Physical activity in hypertrophic cardiomyopathy: prevalence of inactivity and perceived barriers

Affiliations

Physical activity in hypertrophic cardiomyopathy: prevalence of inactivity and perceived barriers

Joanna Sweeting et al. Open Heart. .

Abstract

Objectives: This study aimed to determine the prevalence of physical inactivity and perceived barriers to physical activity among individuals with hypertrophic cardiomyopathy (HCM), and to determine potential demographic, clinical and health-related factors influencing likelihood of meeting physical activity guidelines.

Methods: This was a cross-sectional study of consecutive patients (n=198) with HCM attending a specialist HCM centre from July 2014 to November 2015. The primary outcome measure was physical activity (minutes per day), as measured by self-report (International Physical Activity Questionnaire (IPAQ)) and objective means (ActiGraph accelerometer).
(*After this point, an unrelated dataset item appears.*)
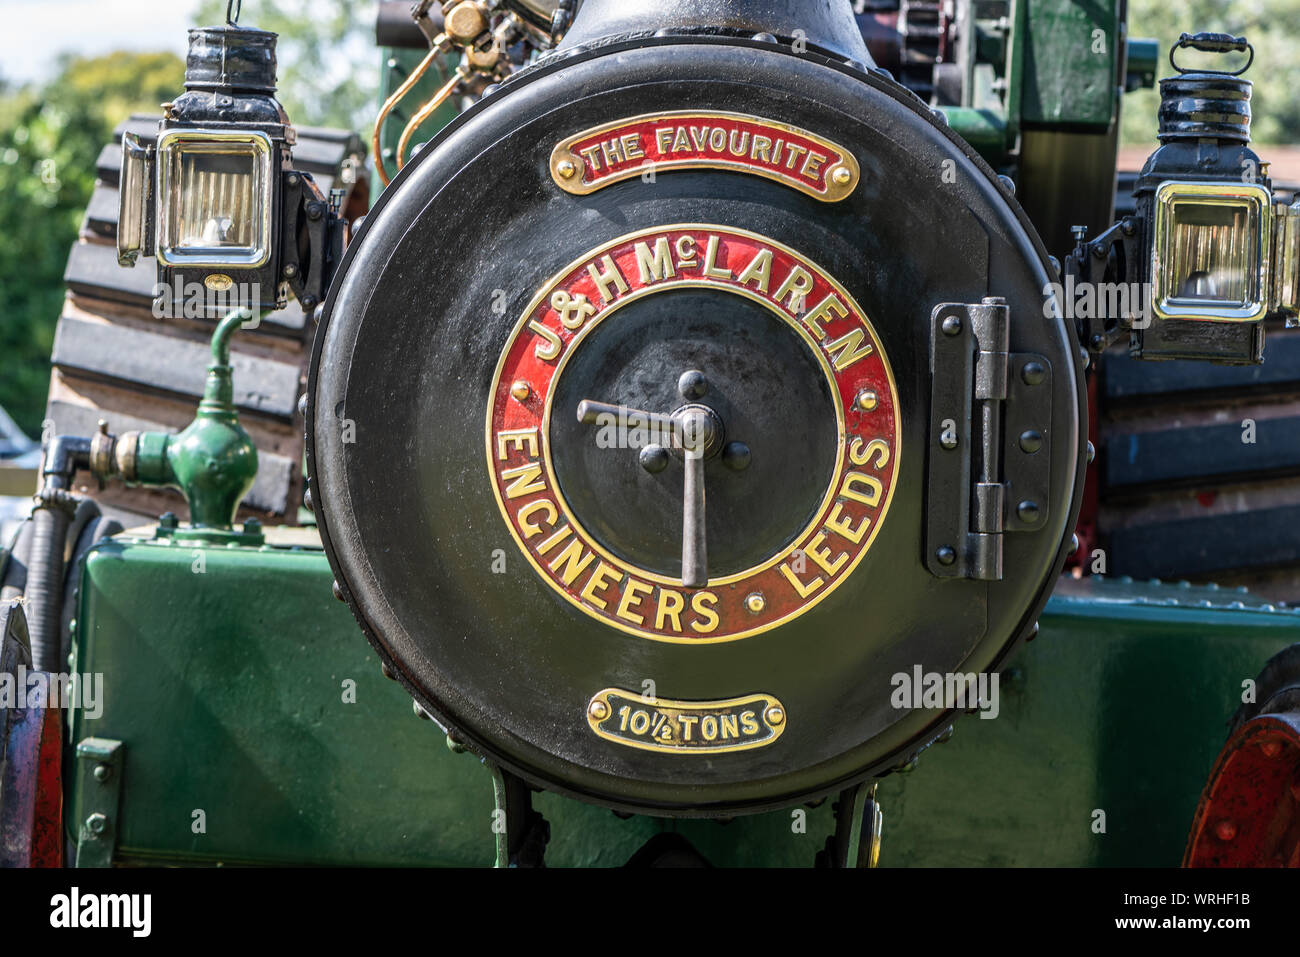 J & H McLaren steam engine at classic car show, Hinton Arms, Cheriton, Hampshire, UK Stock Photo
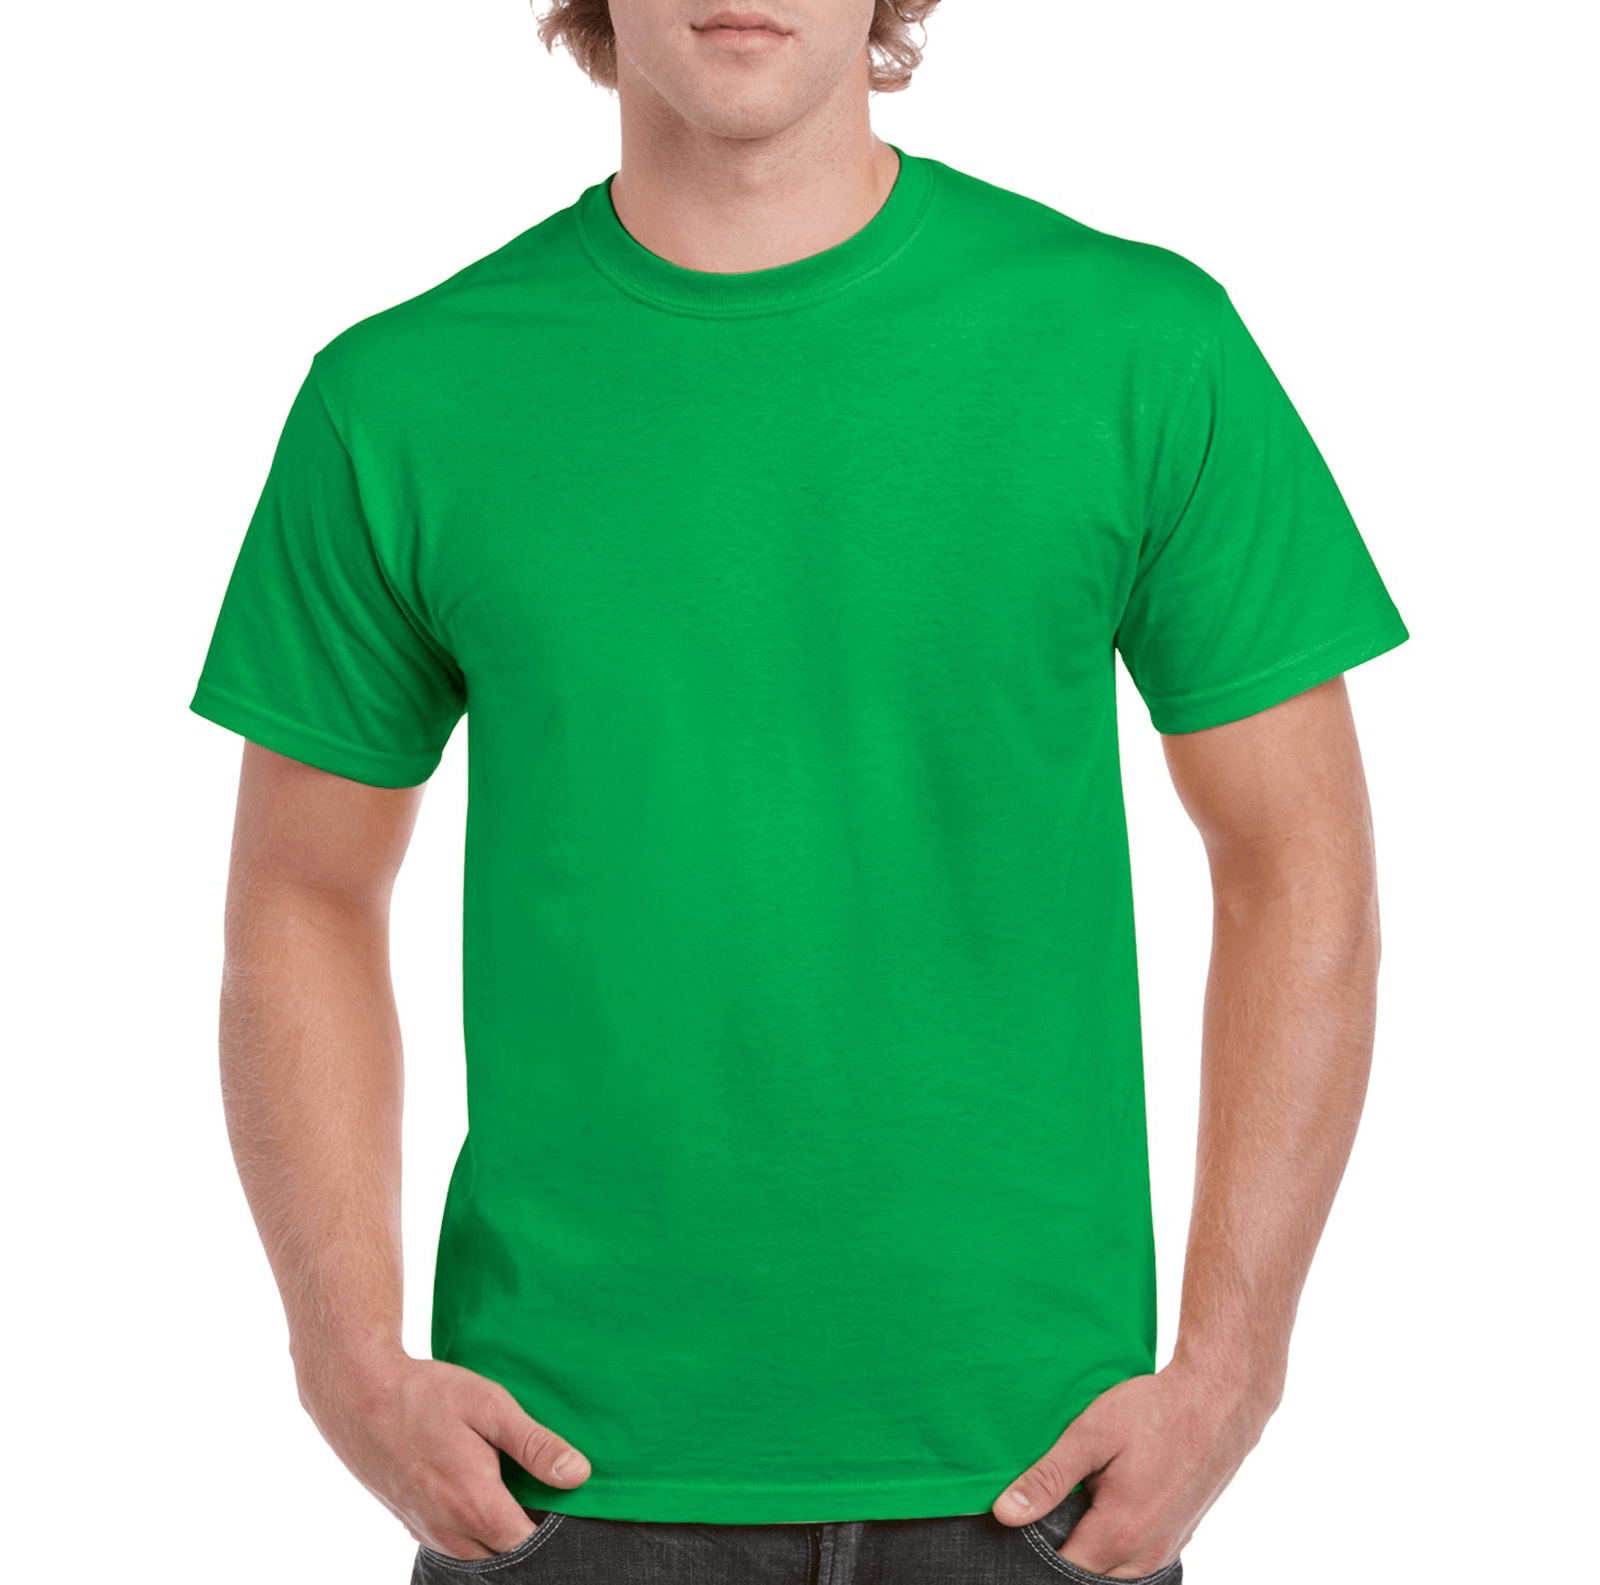 Softex Plain Shirt-Best For Tshirt Printing (Color: Emerald Green ...

For both, participants were classified as meeting guidelines if they did at least 150 min per week of physical activity. Quality of life (Short Form-36 V.2, SF-36v2), barriers to exercise and clinical-demographic data were also collected.

Results: In total, 54.8% of participants did not meet physical activity recommendations based on IPAQ, and 12.7% did not meet guidelines based on accelerometer data. The most commonly identified barriers to exercise were 'pain interferes with my exercise' (33%) and 'I have an injury/disability that stops me' (29%). Independent factors associated with meeting guidelines included older age (OR 0.66, 95% CI 0.51 to 0.85, p=0.002), higher education level (OR 2.31, 95% CI 1.08 to 4.93, p=0.03), better physical quality of life (OR 1.05, 95% CI 1.0 to 1.09, p=0.05) and more reported barriers (OR 0.71, 95% CI 0.56 to 0.91, p=0.01).

Conclusions: More than half of the patients with HCM did not meet minimum physical activity recommendations. Several barriers to exercise among individuals with HCM exist, and provide the basis for targeted interventions to promote physical activity and improve overall health in patients with HCM.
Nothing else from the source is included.